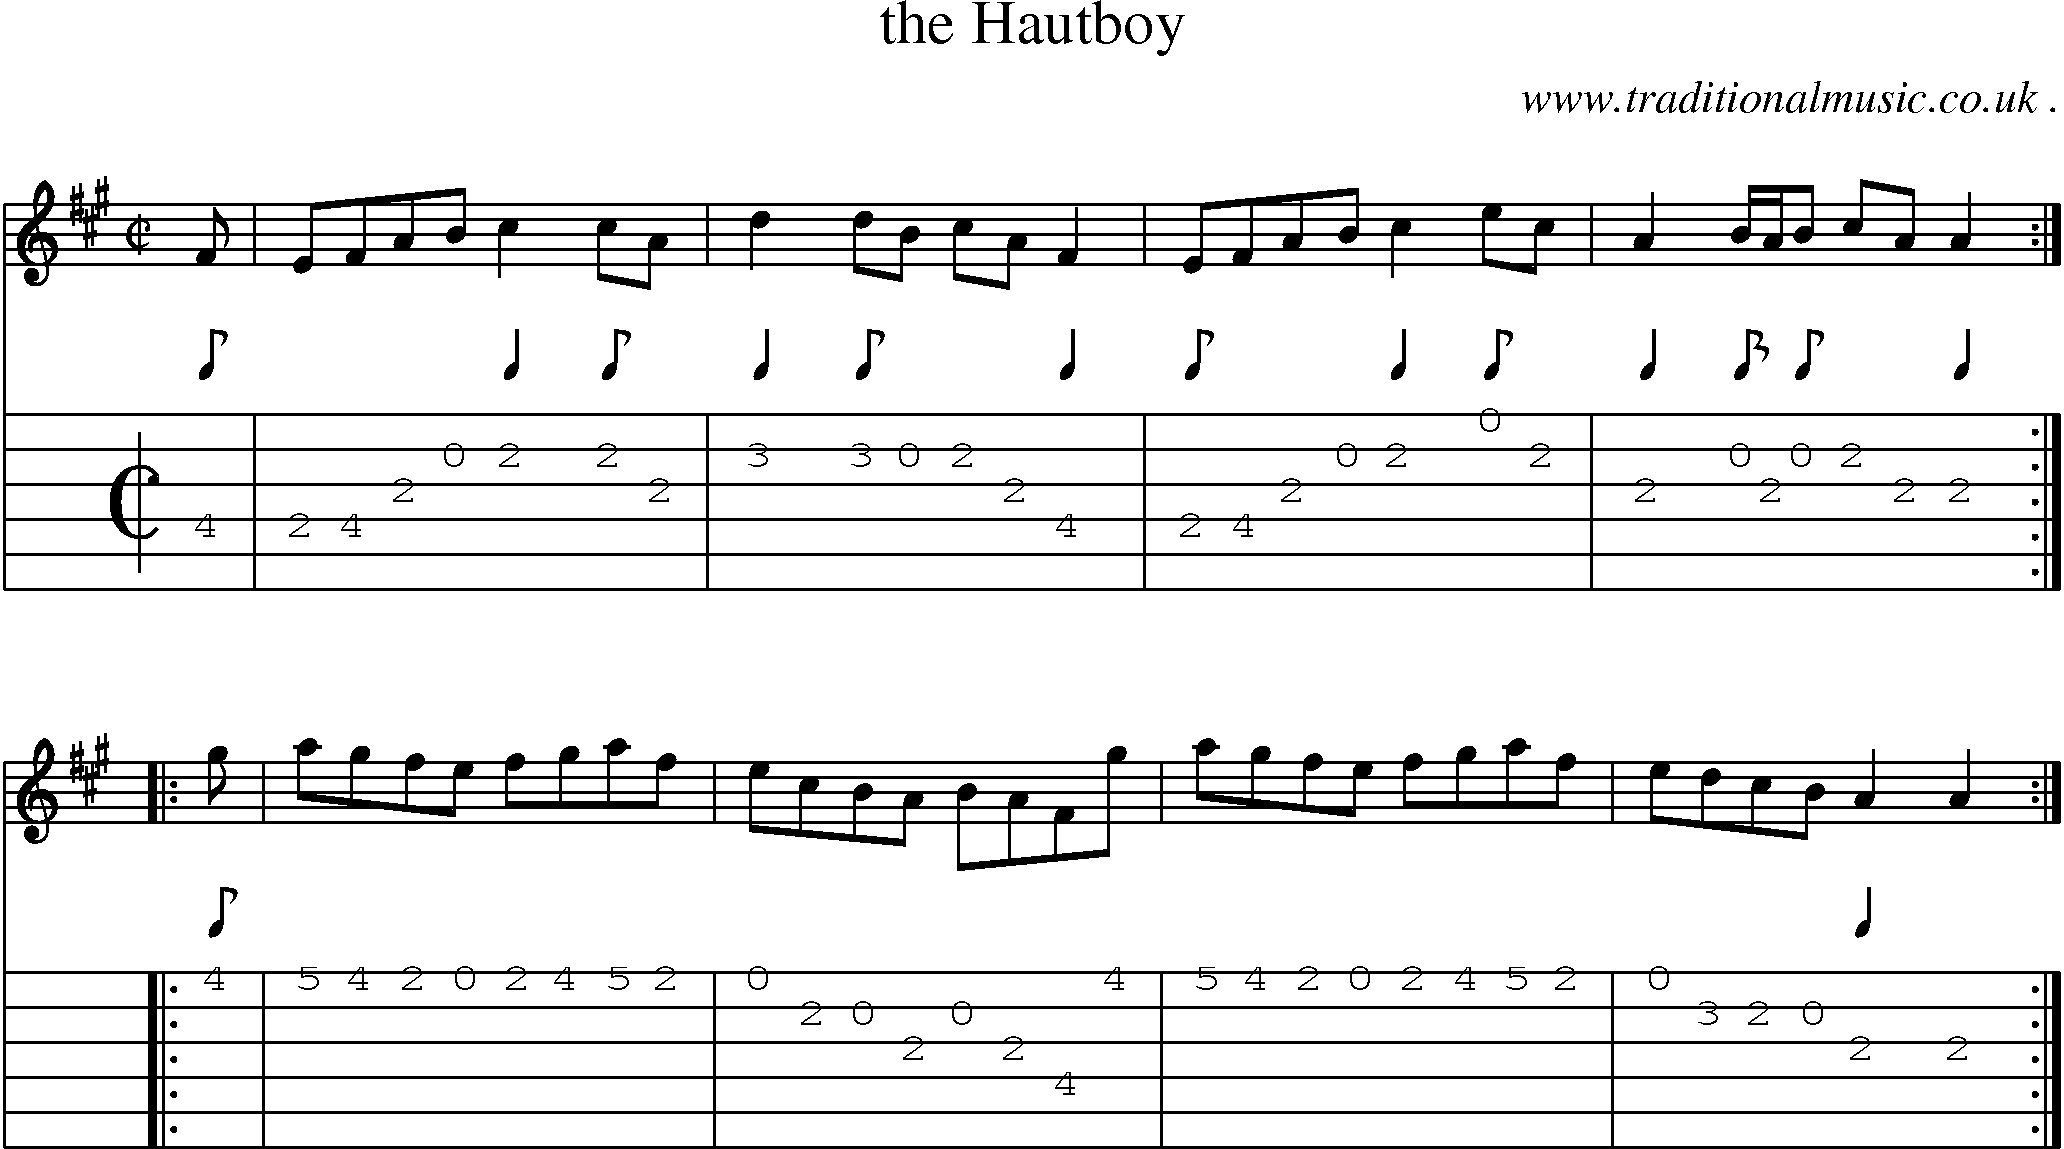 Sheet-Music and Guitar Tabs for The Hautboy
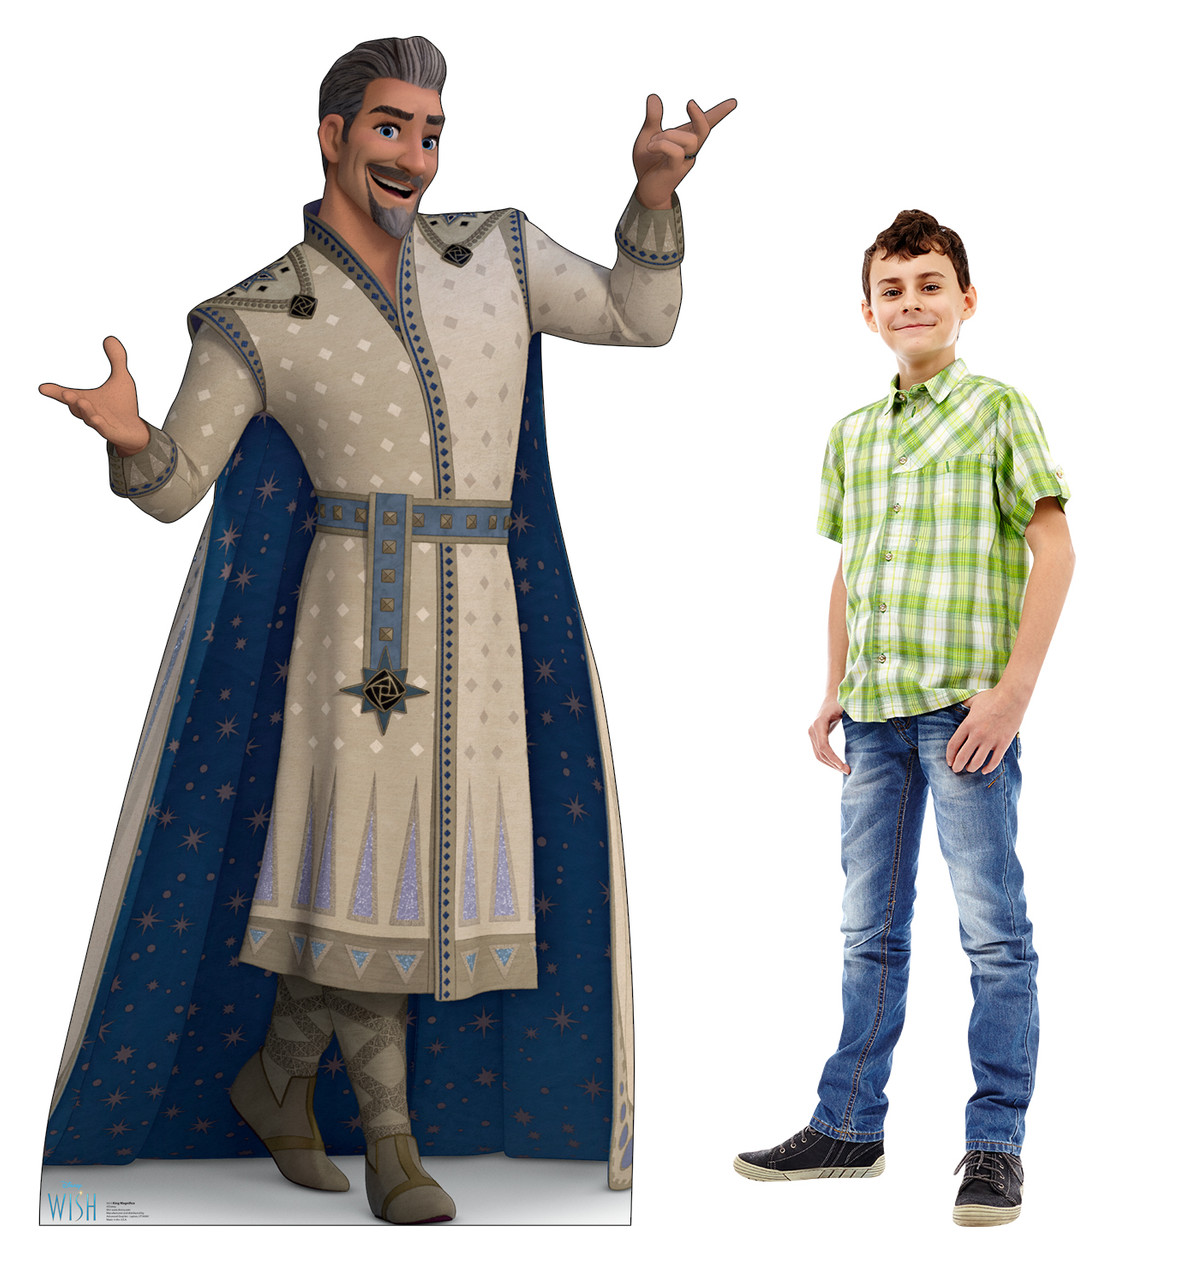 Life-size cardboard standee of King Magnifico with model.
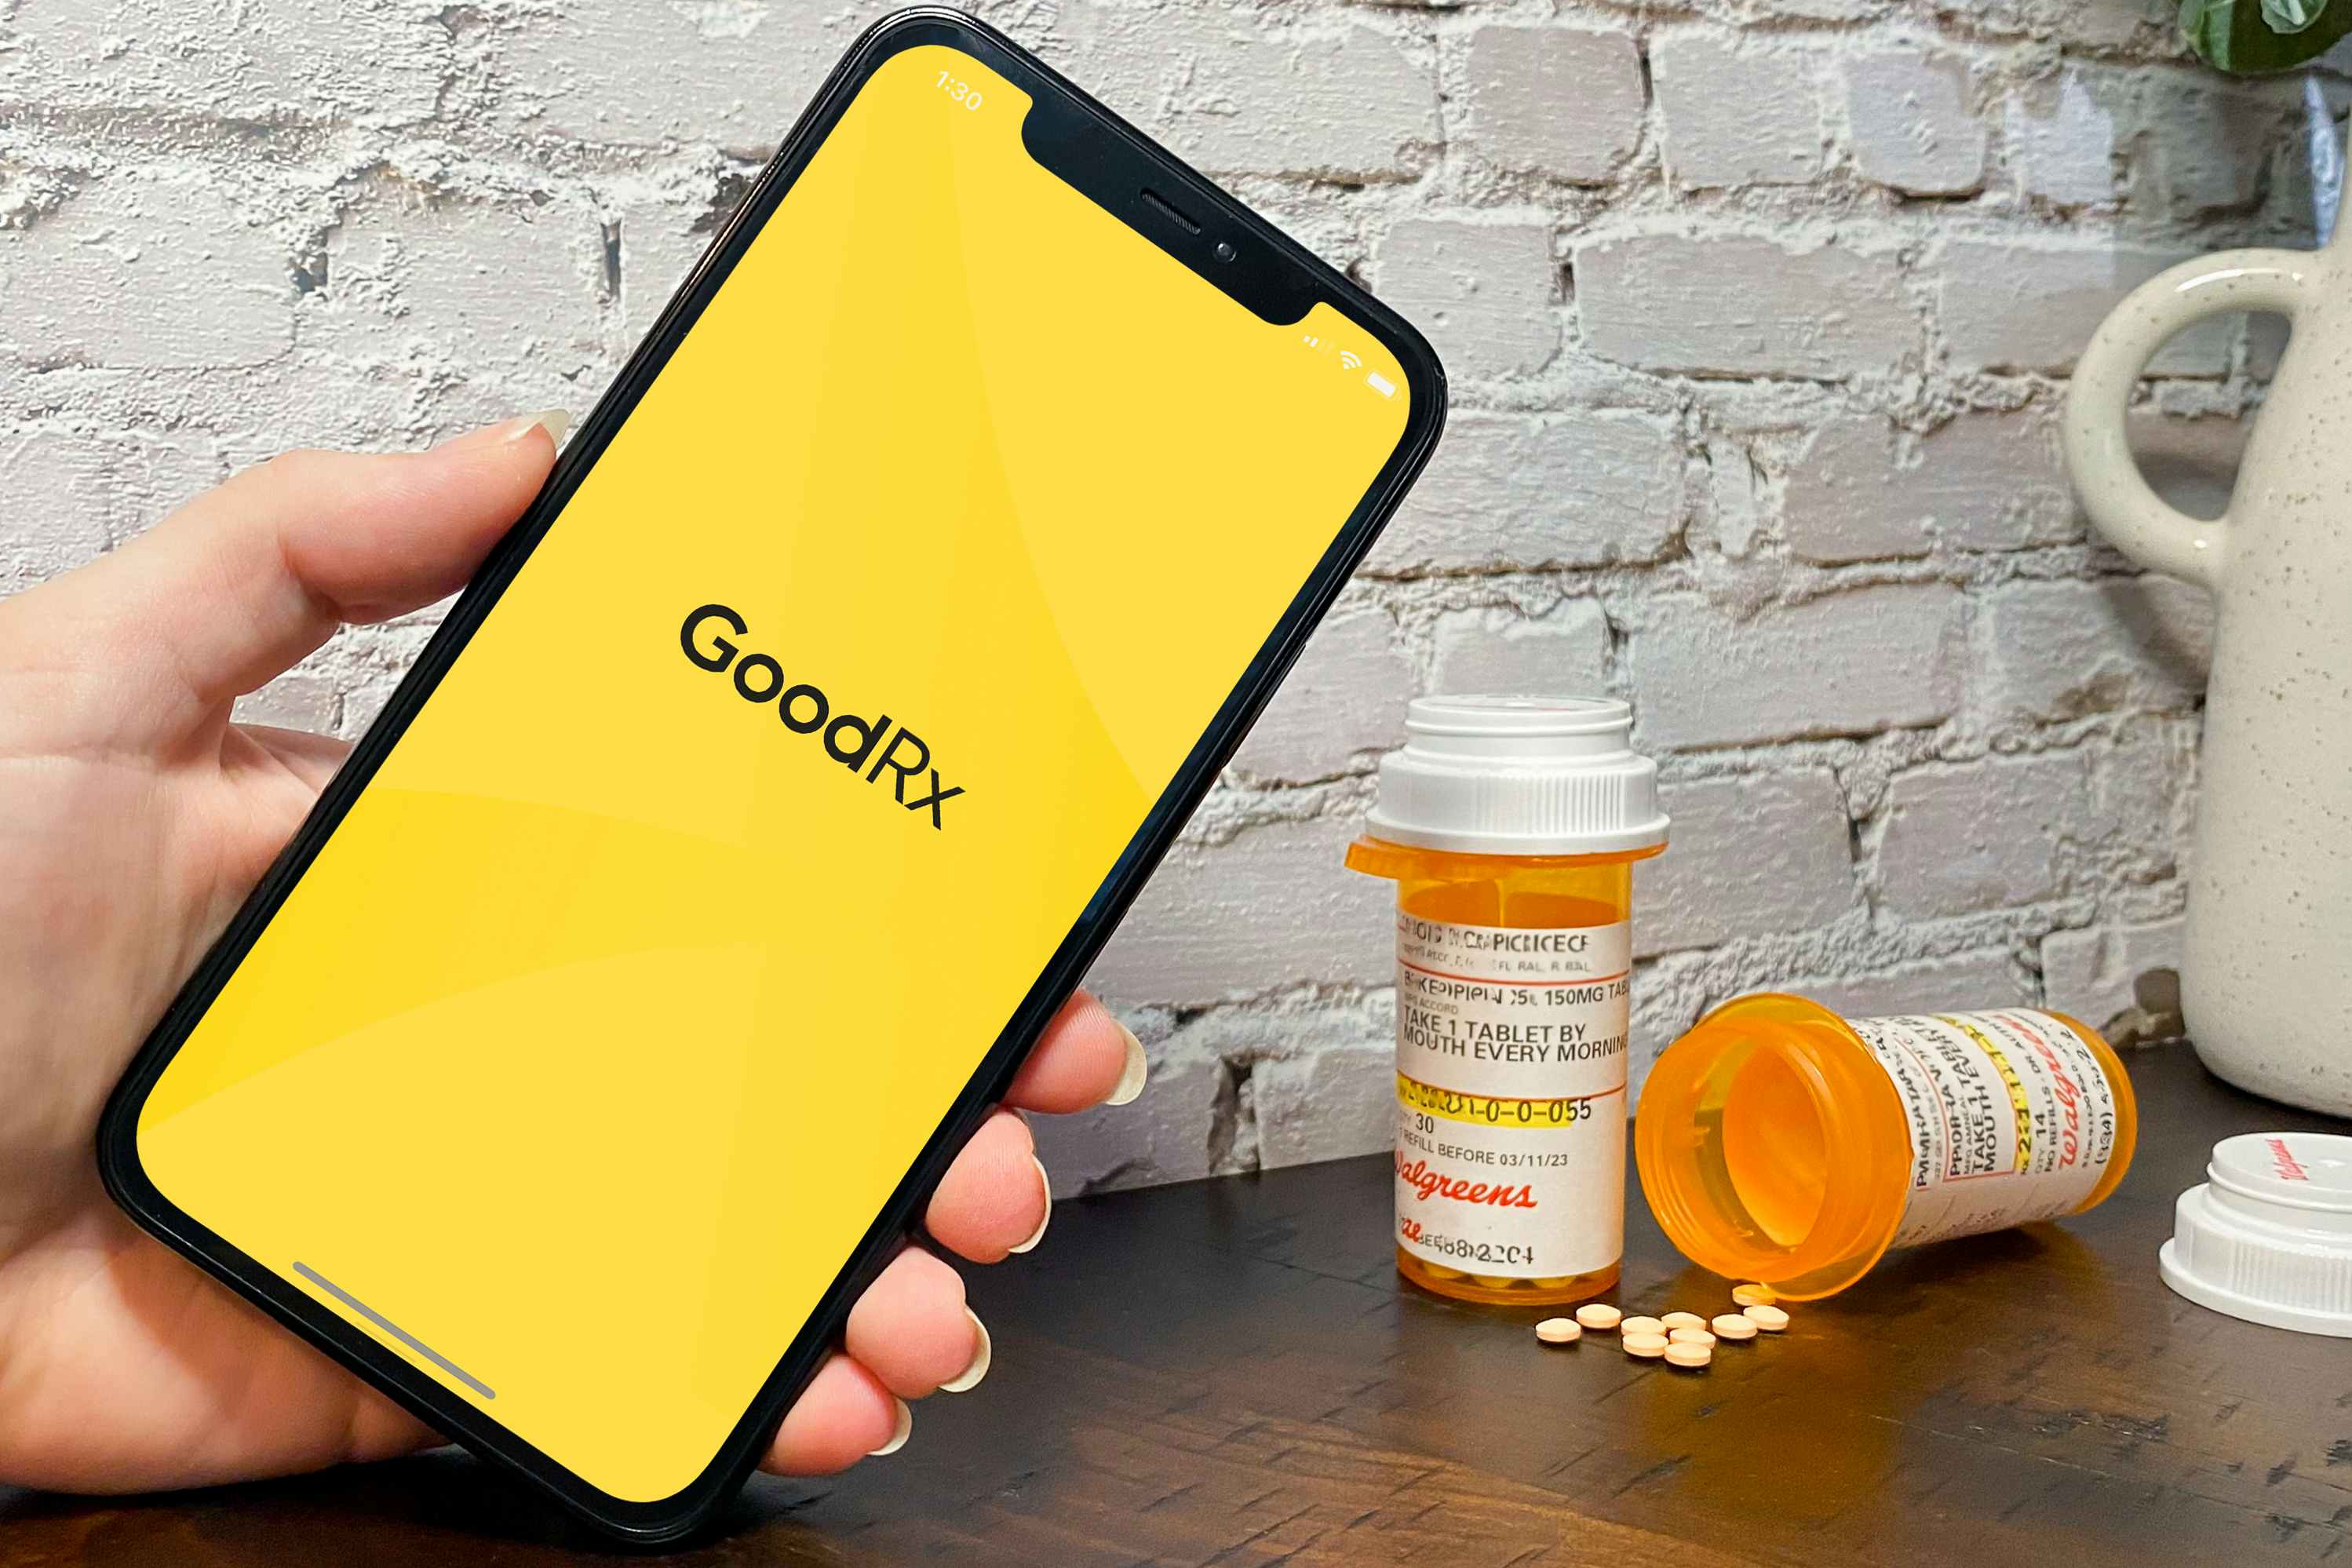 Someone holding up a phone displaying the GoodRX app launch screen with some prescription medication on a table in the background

# Work task:
Transcribe the listing exactly, skipping pictures.

# Answer area:
 Sheet-Music and Guitar Tabs for The Hautboy
 Life-size cardboard standee of King Magnifico with model.
 Someone holding up a phone displaying the GoodRX app launch screen with some prescription medication on a table in the background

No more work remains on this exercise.